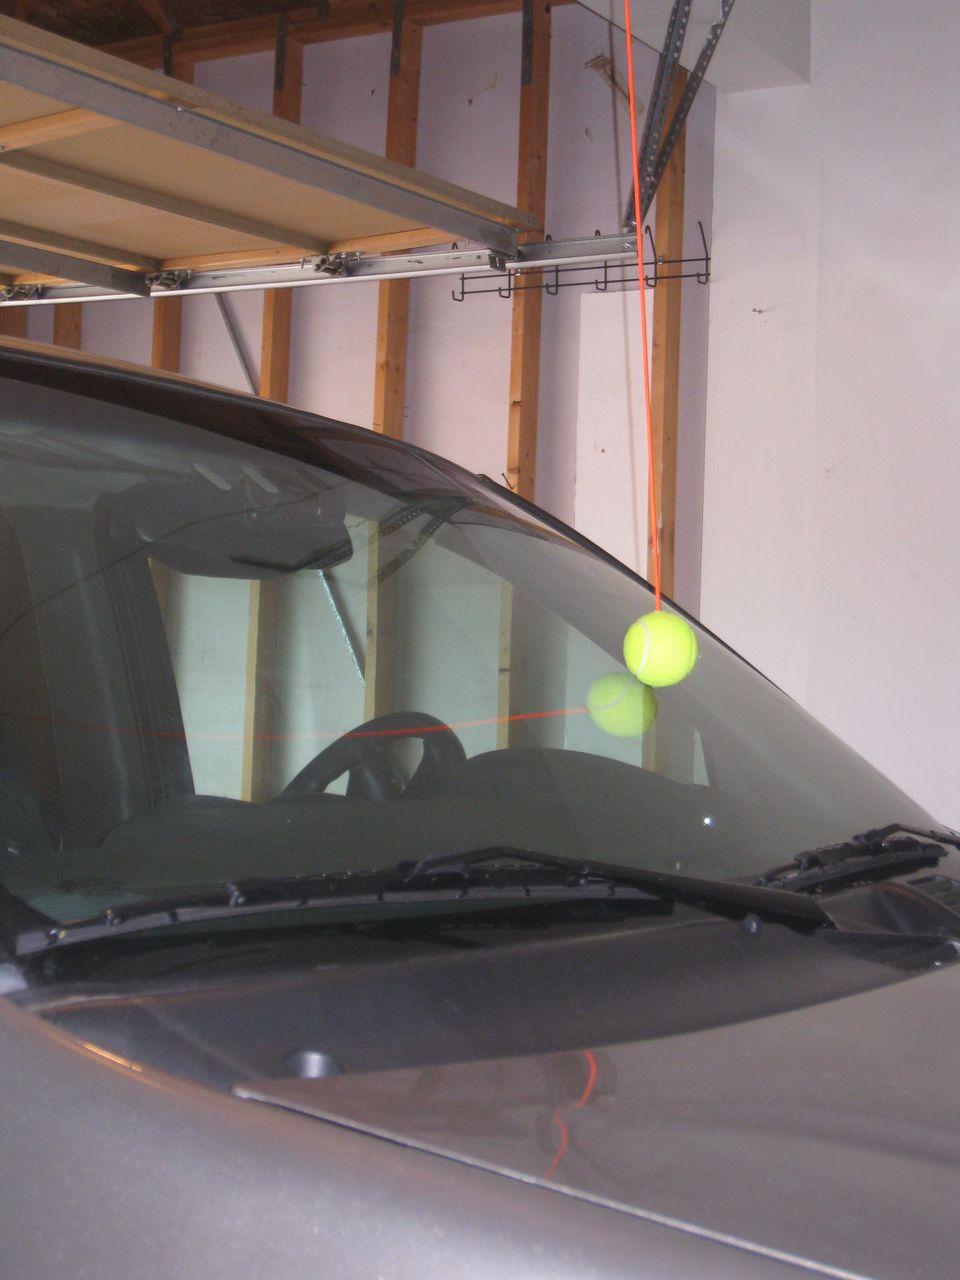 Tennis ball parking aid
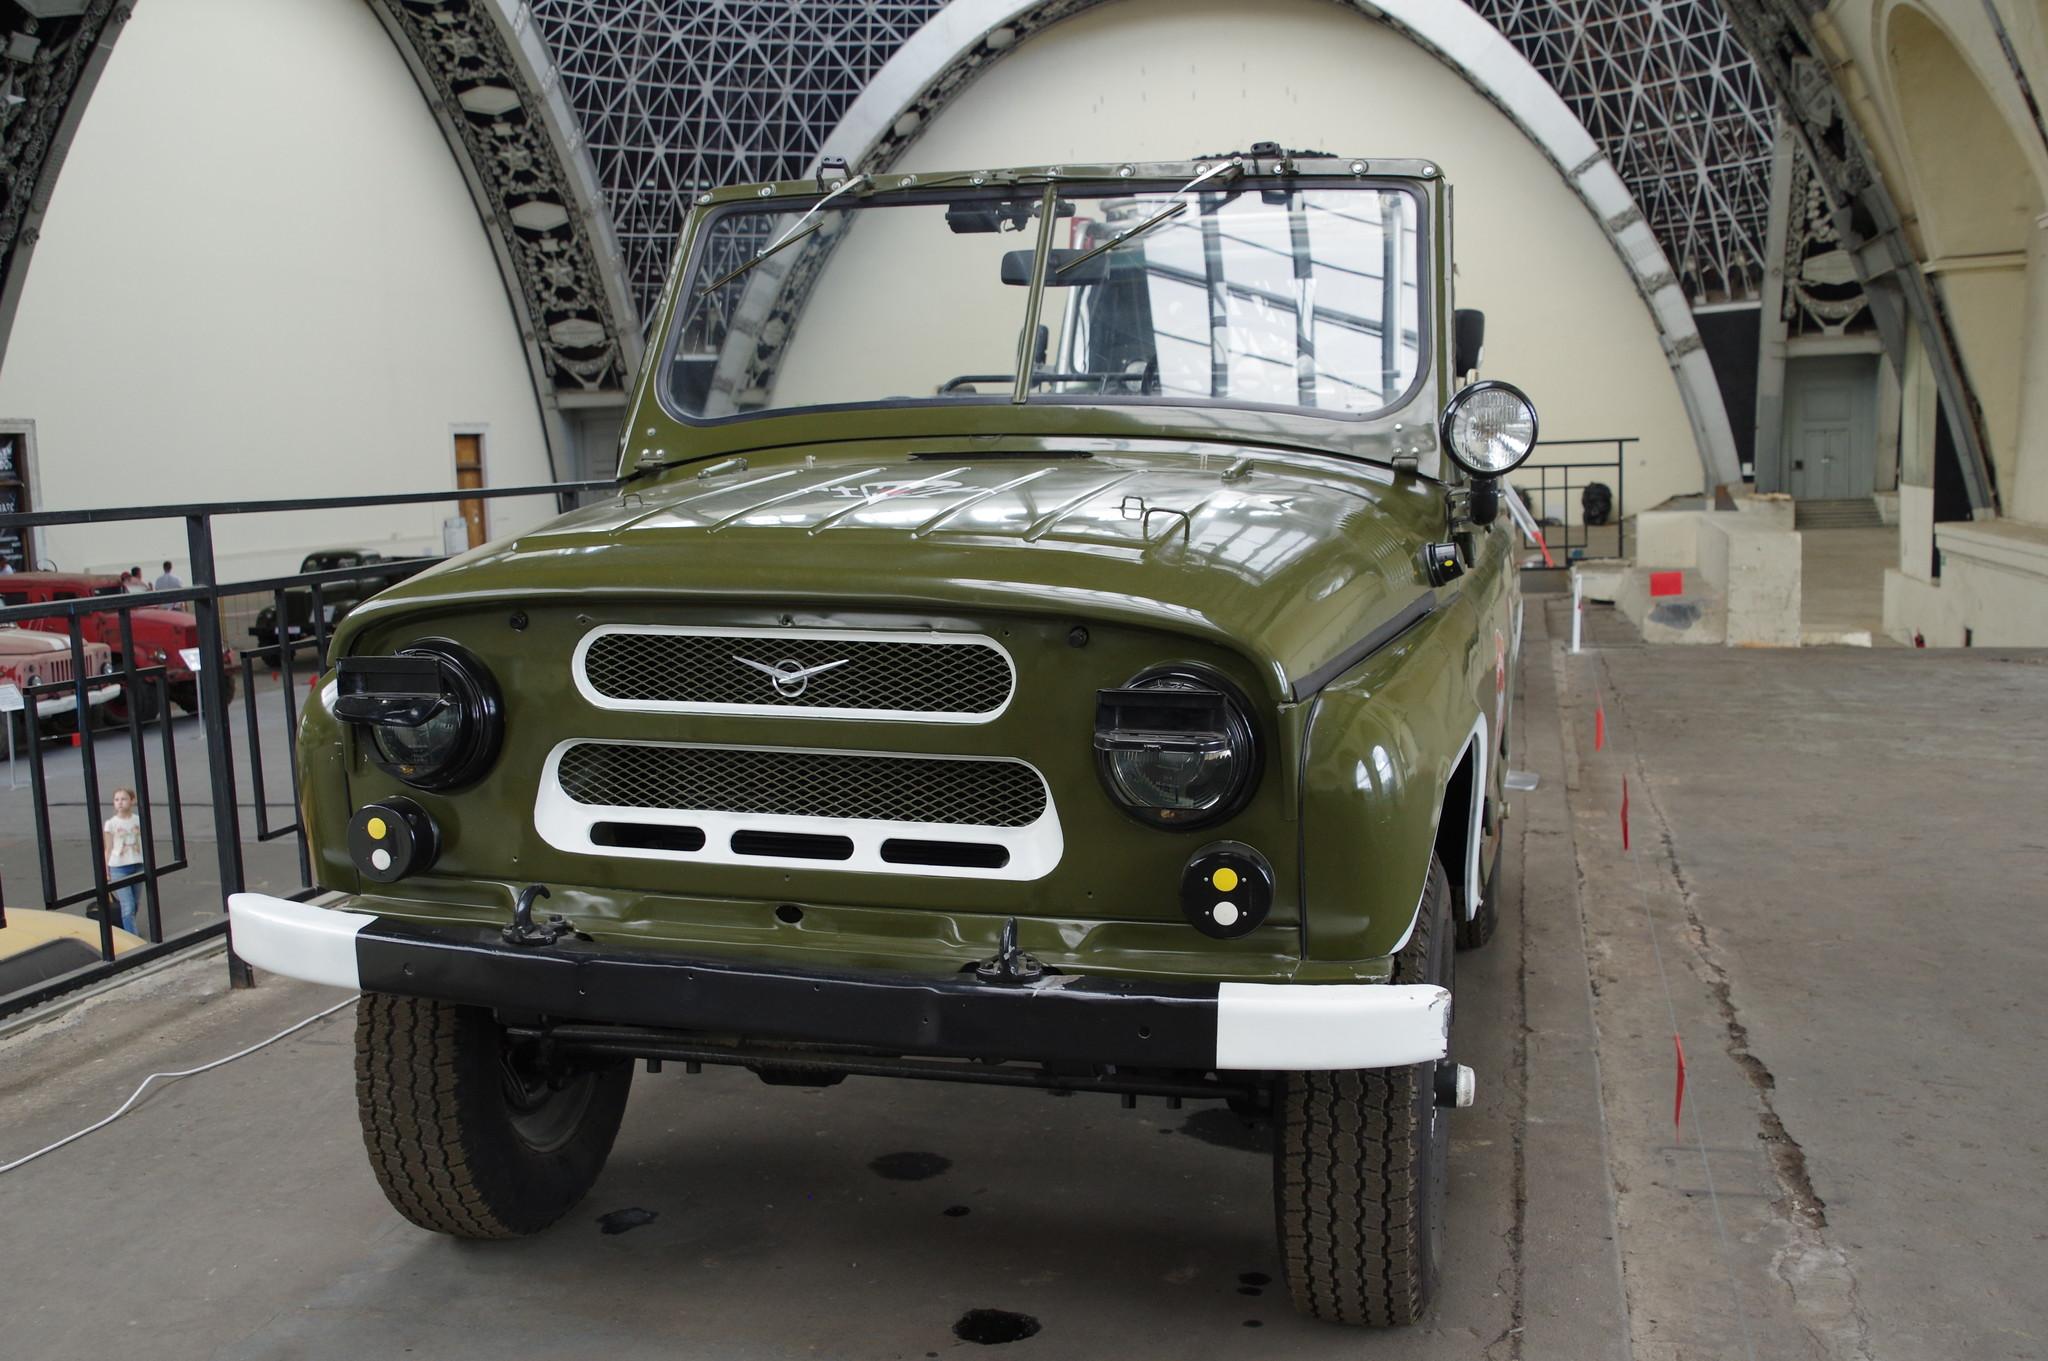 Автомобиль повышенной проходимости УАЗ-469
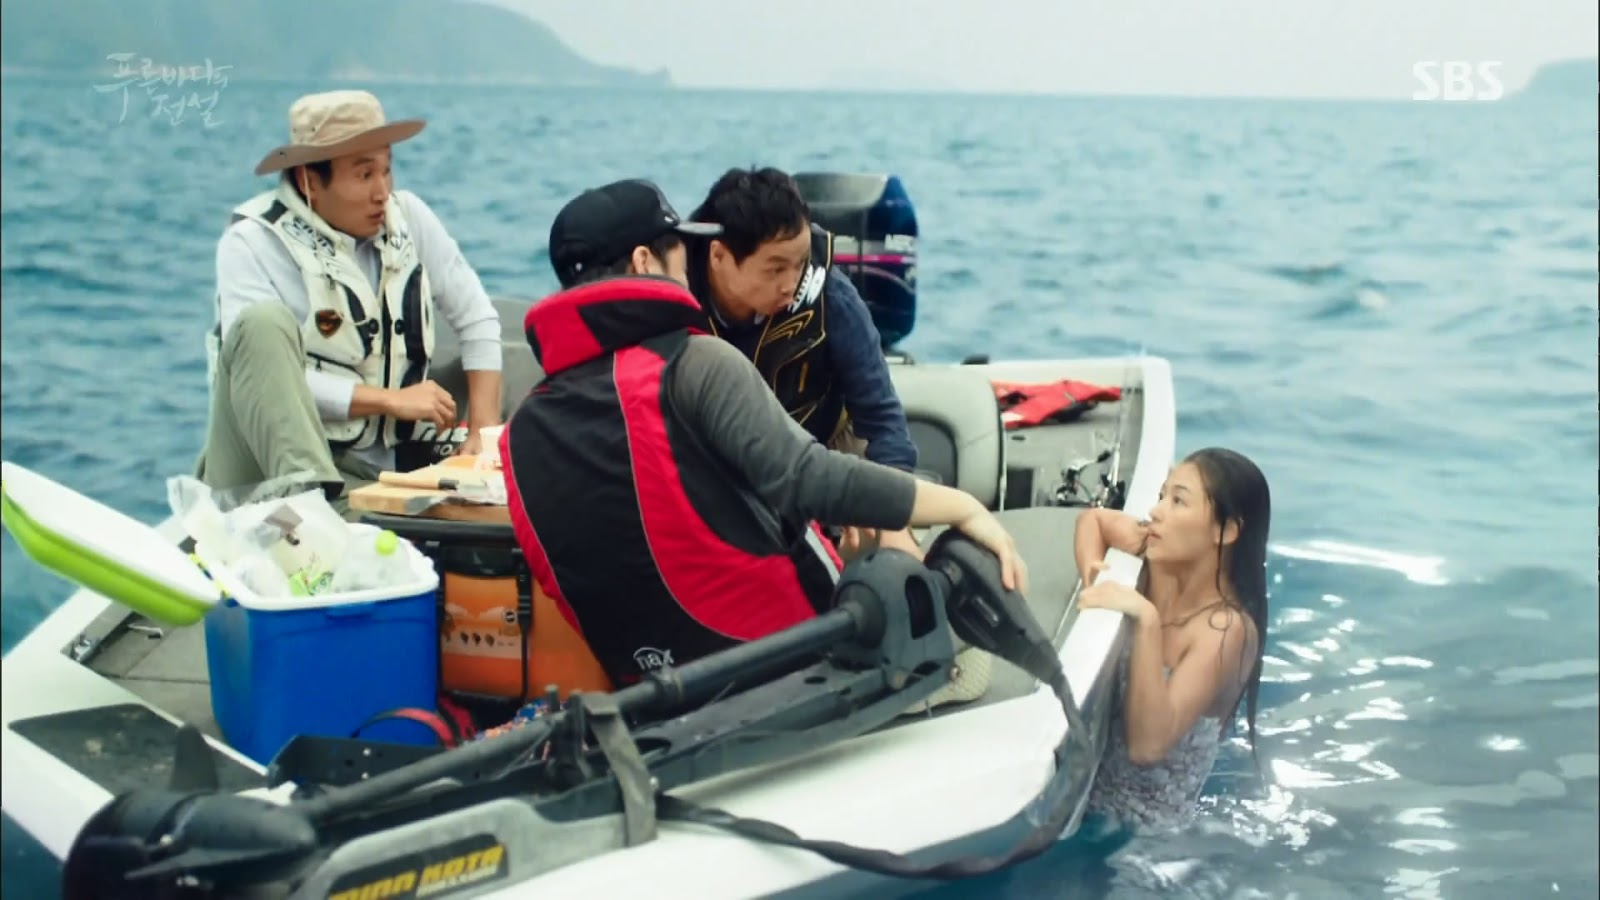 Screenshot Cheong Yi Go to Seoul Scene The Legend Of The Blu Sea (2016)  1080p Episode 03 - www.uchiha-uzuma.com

**********

What you will do. Copy out all the data exactly. No images belong in the copy.

Result of the task.
 Tennis ball parking aid
 Автомобиль повышенной проходимости УАЗ-469
 Screenshot Cheong Yi Go to Seoul Scene The Legend Of The Blu Sea (2016)  1080p Episode 03 - www.uchiha-uzuma.com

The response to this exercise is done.